Ok, that one has 150 HD hrs.


----------



## krkaufman

gdoug said:


> While it would be tempting to see how much storage I could get with the Roamio, I am not much into hacking and modding. Just the 3TB hard drive swap would probably be good enough for us.


MFS Reformatter is not something that I'd categorize as hacking or modding, really. The only "difficult" part for some people is having a Windows system on which to execute mfsr, or having a USB adapter that enables access to the 8TB drive. Beyond that it's run exe, select drive, click button, wait a bundle of seconds... done.

In case a 4TB drive upgrade were to interest you.


----------



## jth tv

It was ridiculously easy to replace the hard drive in my Roamio Basic with a 3TB since I did Not care about keeping the content. There aren't any shows these days that it would bother me to miss. Most of the good ones are likely to show up on Netflix, without commercials, anyways.


----------



## sharpfork

I did the MLS boot cd on one of my hackintosh computers and easily copied my wife's hard drive full of Bravo shows to a new 3tb. The whole process was pretty easy. The physical drive swap was super easy. I got a 3tb WD red drive. I also added a cable card slot very easily with a Craigslist doner.
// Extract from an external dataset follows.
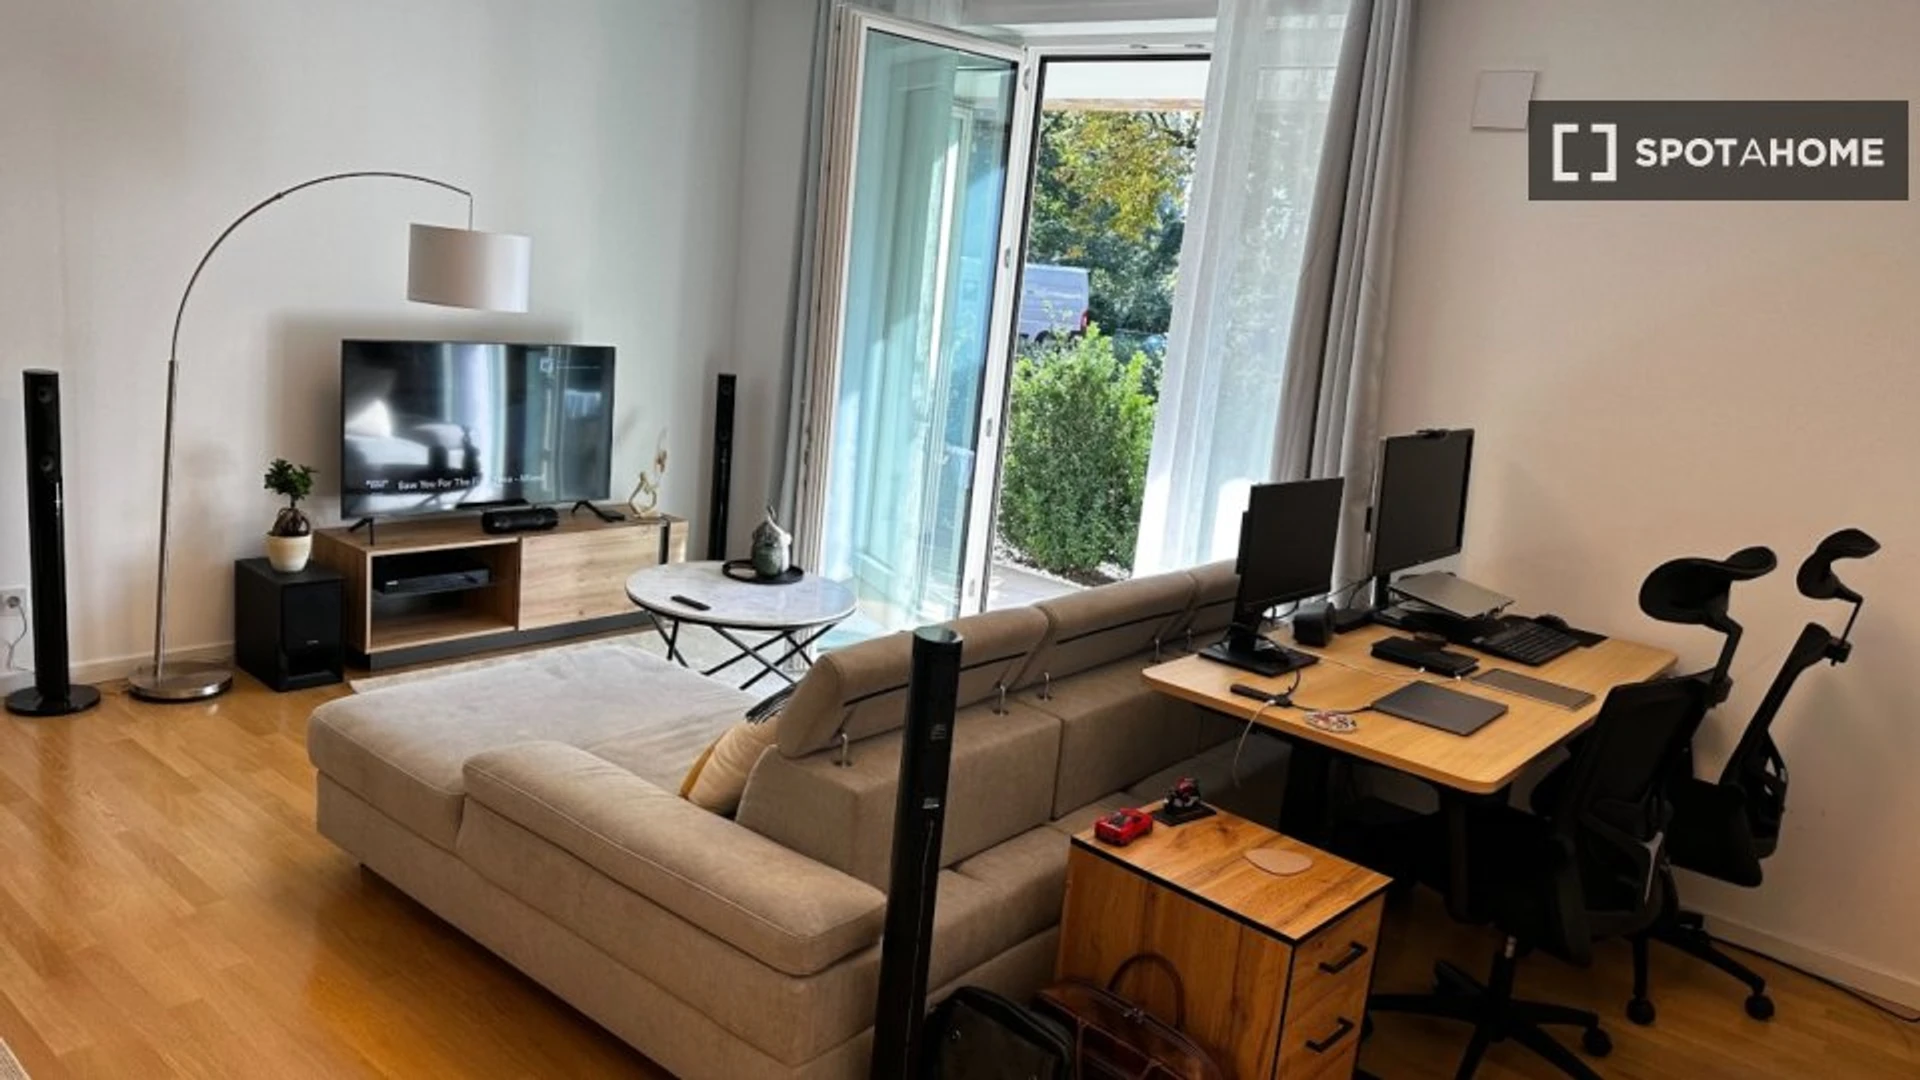 Apartamento totalmente mobilado em Hamburgo
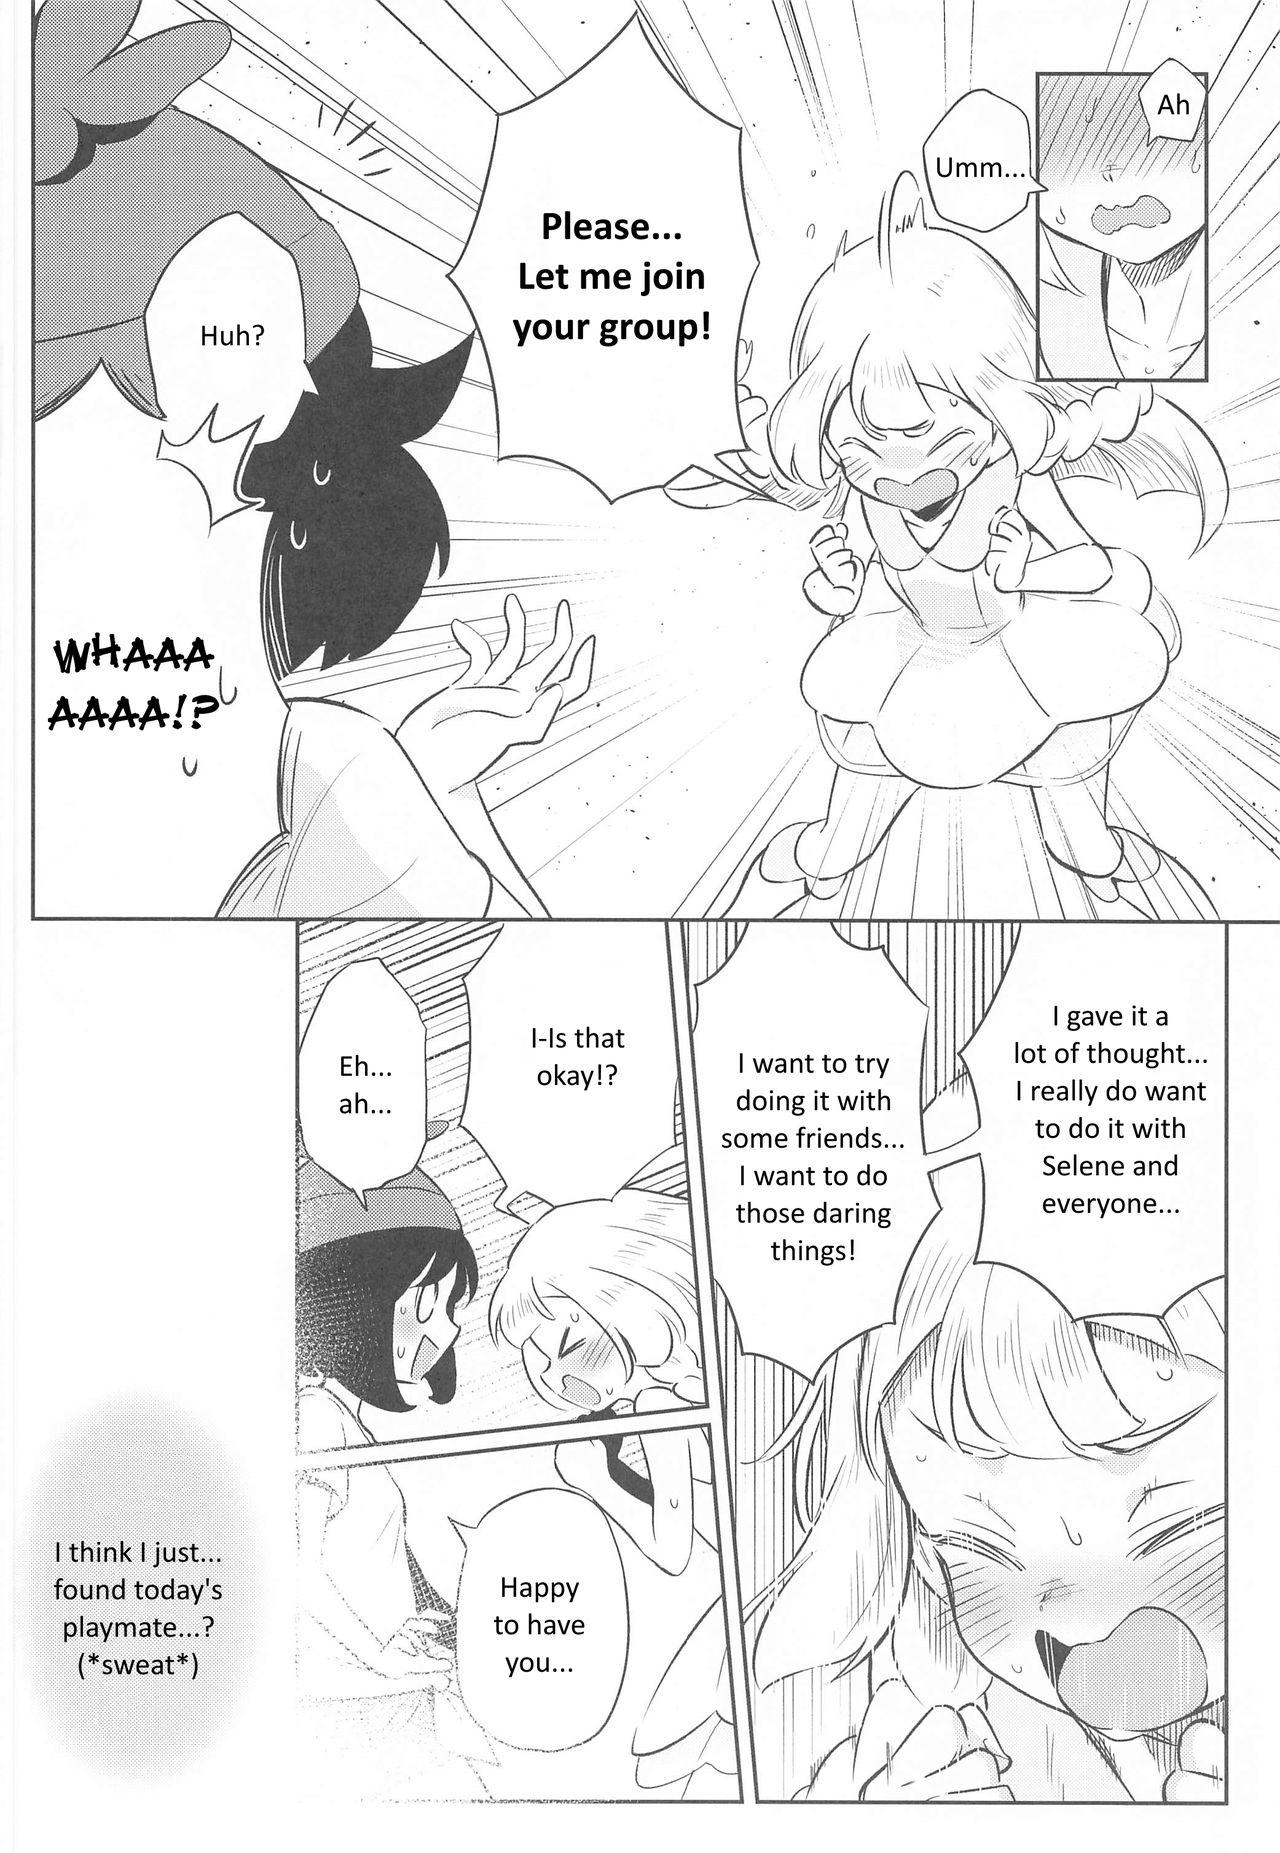 Sensual Onnanoko-tachi no Himitsu no Bouken 2 - Pokemon | pocket monsters Hooker - Page 6

Sent from my SM-G935V using Tapatalk


----------



## Teeps

gdoug said:


> I have seen some older threads about this, but I am looking for some current info. Our Roamio OTA (lifetime subscription version) has quickly filled up. I was reading that it comes with a 1TB from the factory and up to a 3TB could be installed. Is it really as easy as I have read to swap the hard drive out? What hard drive would be recommended to put in IE: Western Digital Green, Blue, other low power hard drive, etc? TIA


Upgrade to larger HDD and retain existing recordings:
MFS Tools 3.2


----------



## JTHOJNICKI

I bought the Roamio OTA 1TB model and once I initialized it, I immediately swapped in a 6TB WD RED NAS drive. Once initialized on the OTA, I simply attached it to my Windows 10 computer and ran MSFR to reformat it properly to get access to all the space. The only issue was that MSFR (or my computer) wouldn't work with the 6TB drive in MY USB drive dock. I simply disconnected one of my internal drives & temporarily plugged in the 6TB drive. MSFR reformatted it quickly. The Roamio OTA works great with all that storage, but we still manage to fill it up. We just purge old stuff occasionally.


----------



## JTHOJNICKI

One suggestion - for possible warranty/repair service purposes - label the original TiVo HDD and keep it in a safe place in case you ever need to swap it back.


----------



## PCurry57

JTHOJNICKI said:


> I bought the Roamio OTA 1TB model and once I initialized it, I immediately swapped in a 6TB WD RED NAS drive. Once initialized on the OTA, I simply attached it to my Windows 10 computer and ran MSFR to reformat it properly to get access to all the space. The only issue was that MSFR (or my computer) wouldn't work with the 6TB drive in MY USB drive dock. I simply disconnected one of my internal drives & temporarily plugged in the 6TB drive. MSFR reformatted it quickly. The Roamio OTA works great with all that storage, but we still manage to fill it up. We just purge old stuff occasionally.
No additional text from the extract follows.